Boyle, who says that his research for Drop City stemmed almost entirely from Richard Fairfield’s 1972 book, Communes USA, agrees that “the whole concept of going back to the land and not being caught up in consumer society was good. I regret the passing of that. The Bay Area, with its dotcomdom and yuppiedom has become particularly bereft. In this overpopulated world, I don’t think that it’s possible to ever drop out in that way again.”
Boyle says that the main criticisms of his novel have been that it is either not sociological enough or that he focused too broadly on the negative. He dismisses the first complaint with the reminder that it’s fiction and addresses the latter by saying flatly, “I didn’t focus on the negative. In fact, I think that the book in the end becomes a celebration of community. I didn’t plan it that way; it’s just the way it came out.
“[Conflict] makes for a better story, it makes it more interesting. If everyone is perfectly content, it makes for a kind of dull read. In George Bernard Shaw’s Man and Superman, when [protagonist] Jack Tanner goes to heaven, he realizes that it’s utterly boring.”
It Takes a Village
As with Morning Star, authorities also shut down Wheeler’s Ranch. With its 100 outbuildings bulldozed and burned in 1973, the commune closed. Wheeler’s daughter–born Raspberry Sundown Hummingbird, a name she shed in adolescence for the more practical Jessica–was one of eight babies born there.

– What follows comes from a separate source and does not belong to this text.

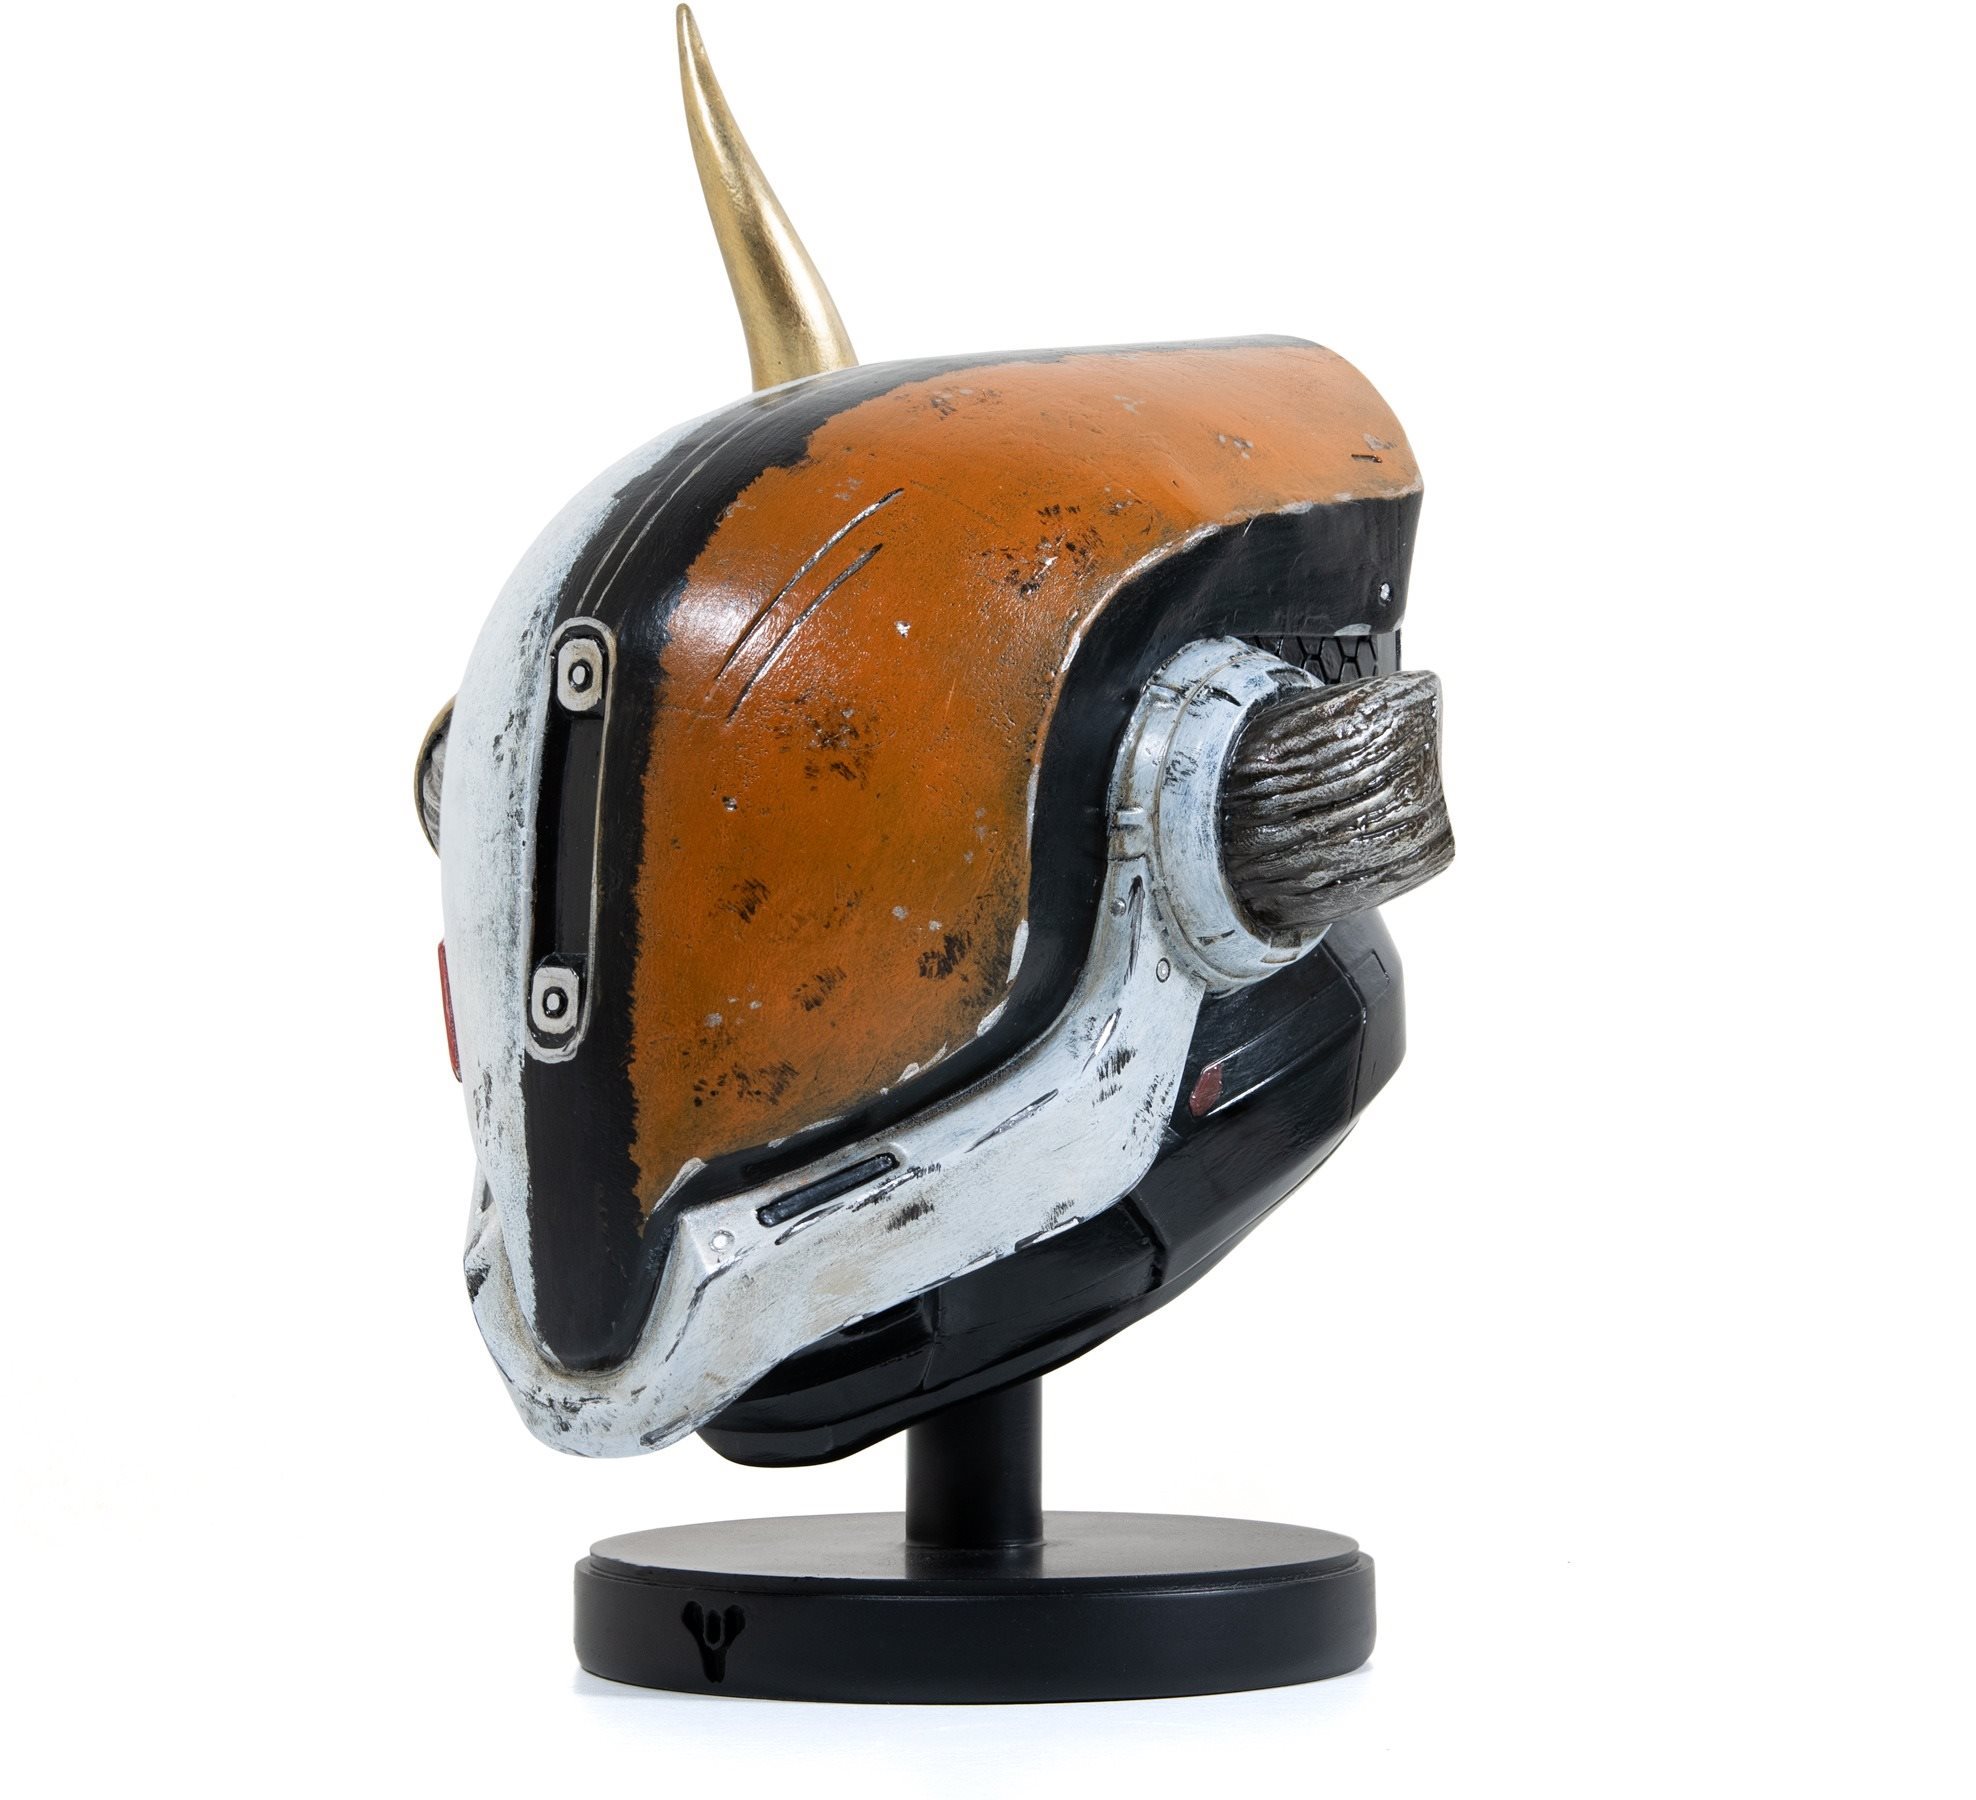 Figura Destiny 2 - Lord Shaxx Helmet

The commune had been featured in the July 7, 1967, issue of Time magazine and its demise shown on the evening news. Walter Cronkite shook his head over the images of the downed, flaming buildings and proclaimed it “a damned shame.” Wheeler’s fortune, derived from a great-grandfather’s invention of a type of sewing machine, was shot.

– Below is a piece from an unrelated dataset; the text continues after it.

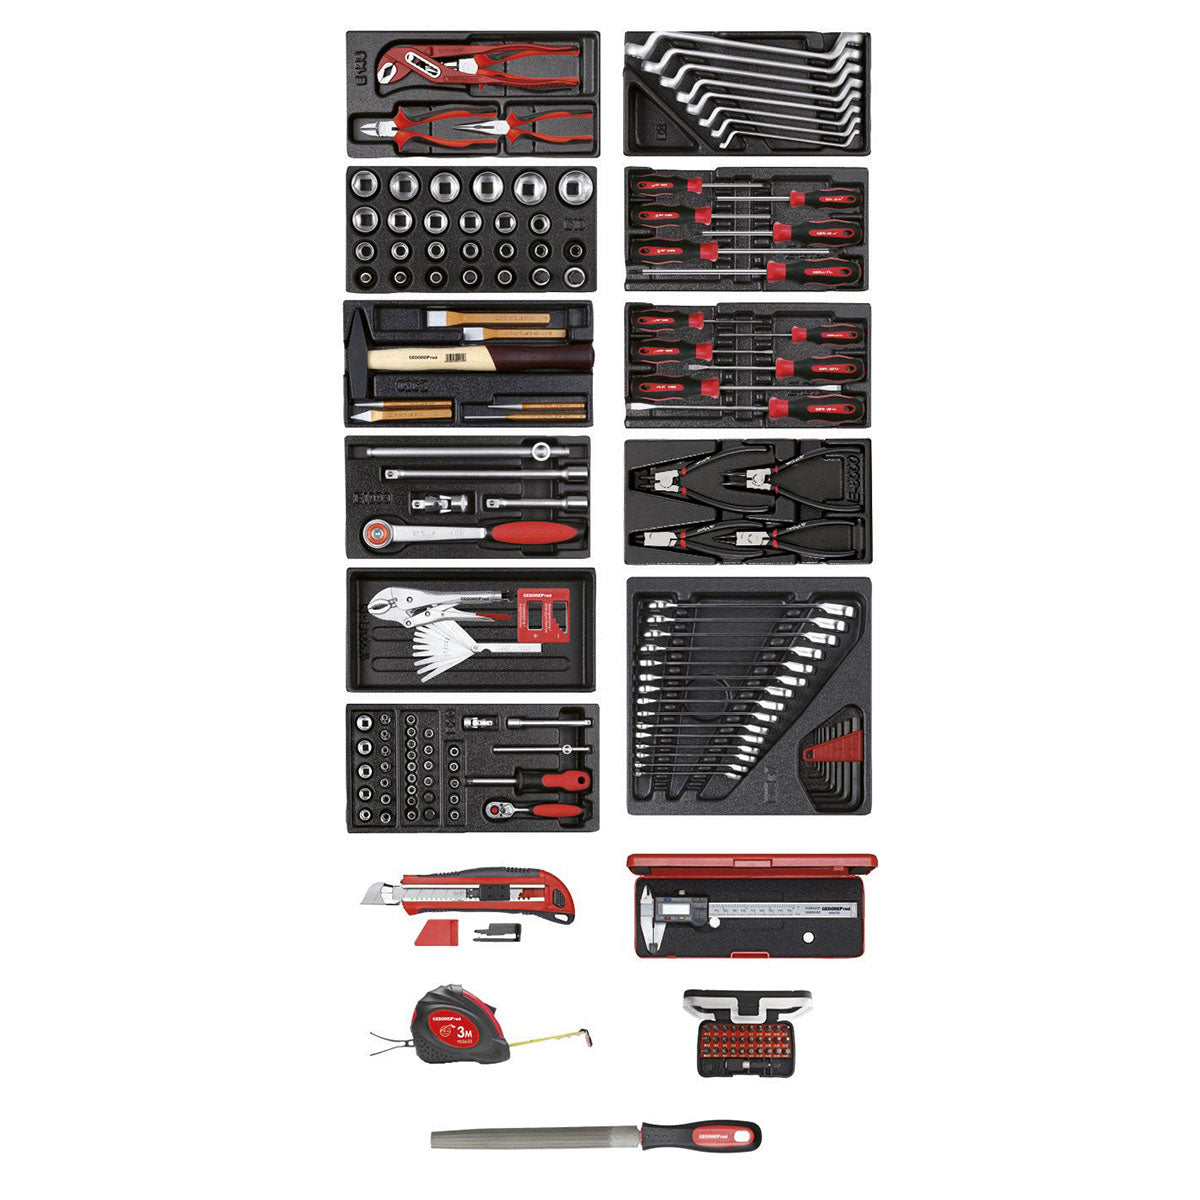 GEDORE rouge R21010002 - Coffret d'outils en 11 modules plastique, 167 pièces (3301657)

Less dramatically, Boyle leaves his characters in their commune on Christmas night in Alaska. They still have six full months of dark and cold to endure, and their future is unclear. “The ending invites you the reader to supply the events,” he says. “Will Norm [who has decamped with his girlfriend] come back the following summer? Who are the people who belong, and who doesn’t? If I had written another hundred pages, it would just be more of the same. It could be another thousand pages, but for my purposes, the artistic vision that I had is complete.
“All of my historical novels have a coda that bring you up to date on the characters; in this one, I thought it would be detrimental.”

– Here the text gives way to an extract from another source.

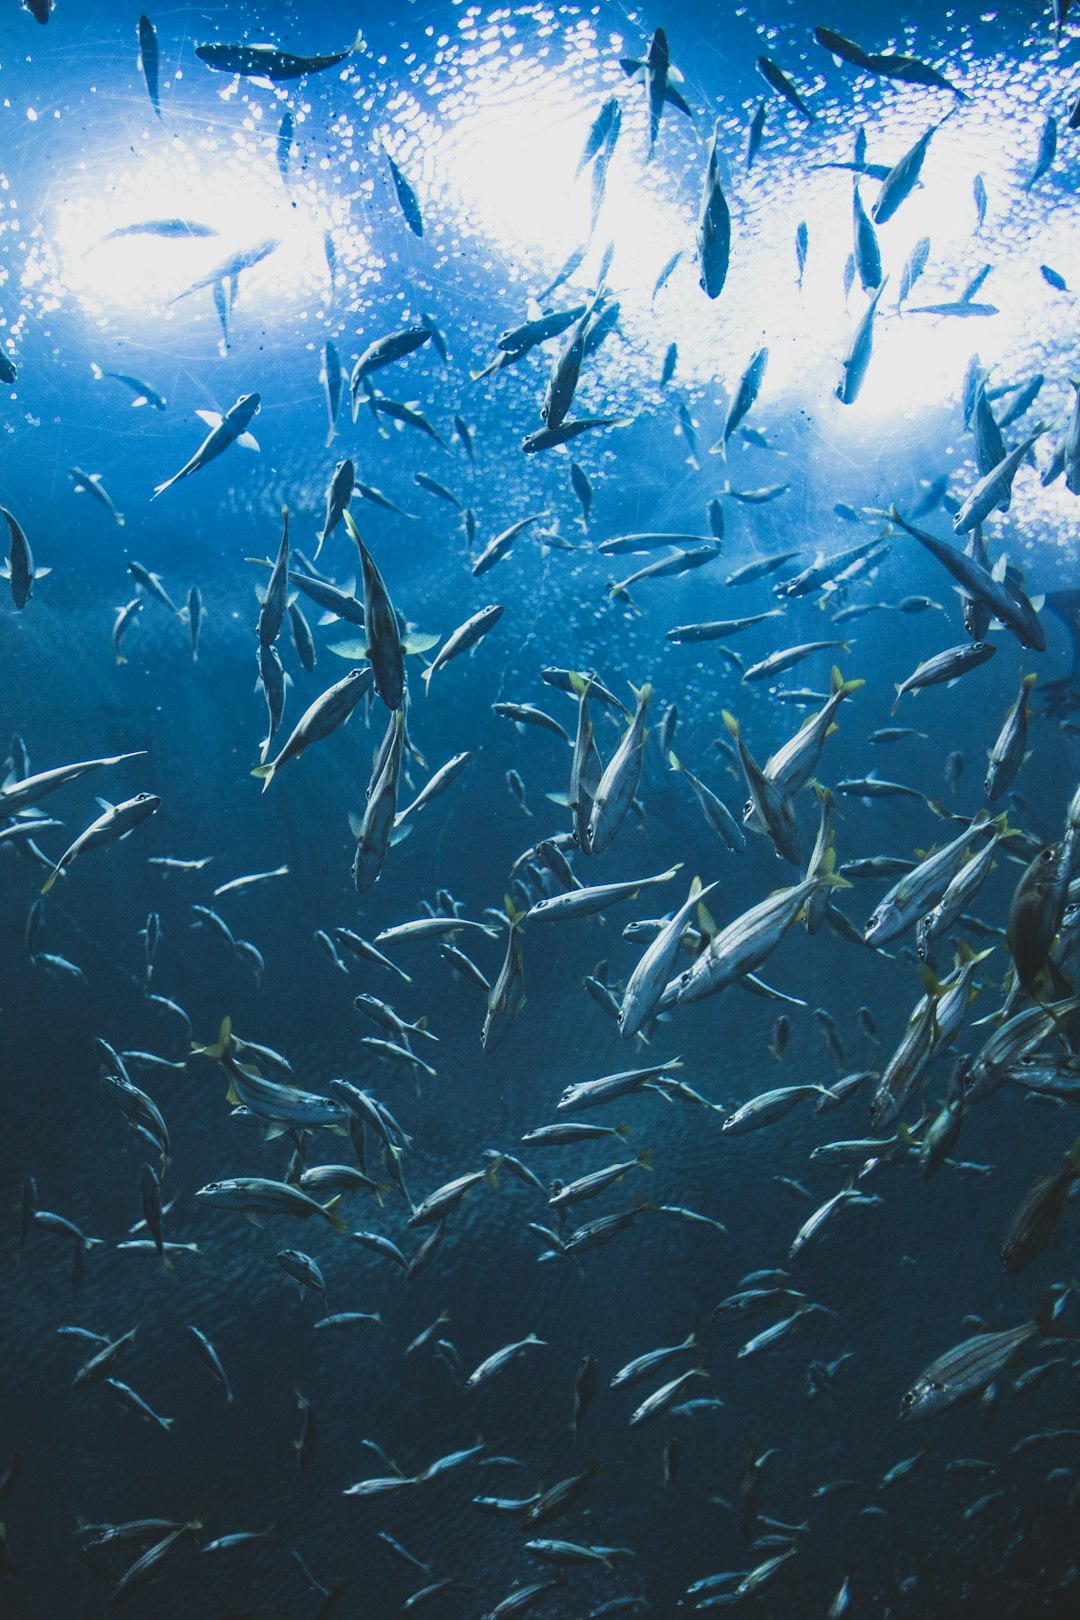 school of fish under water

Detrimental, perhaps, because all of us can look back down the winding narrow tube of 30 years and see how it all turned out. The sixties, some posit, blew all of the rules apart but didn’t replace them with anything.
Sender is more pragmatic. “Whatever the hippies discovered, we are now the beneficiaries of. Health food, the ecology movement, the Green Party–so much of what was discovered then has become part of the mainstream culture now,” he says. “Certainly, much of it has been co-opted, changed, and corrupted, but the impulse to nurture Mother Earth, to return to her, and to reinvoke the tribal remain.
“Although we’re going through a kind of a strange time now, I hope that it’s a last hurrah of a fundamentalist right-wing orthodox wave of things. Maybe out of this,” he says hopefully, “will come a whole new movement of people.”
Bill Wheeler is content to exhibit his plein air landscapes at San Francisco’s George Krevsky Gallery, live peacefully, and throw his annual May Day party, when the ranch again becomes a place of communal gathering. “When it came to an end, it came to an end, so be it,” he says philosophically. “I still think that community is the healthiest way to live, because people take care of each other and there’s less crime and mental illness and the alienation that people feel.”
Alicia Bay Laurel becomes almost dreamy when asked if it was all worth it. “I don’t know if the word is nostalgic or if the word is envious, but I could do it,” she says, “all over again.”
From the May 15-21, 2003 issue of the North Bay Bohemian.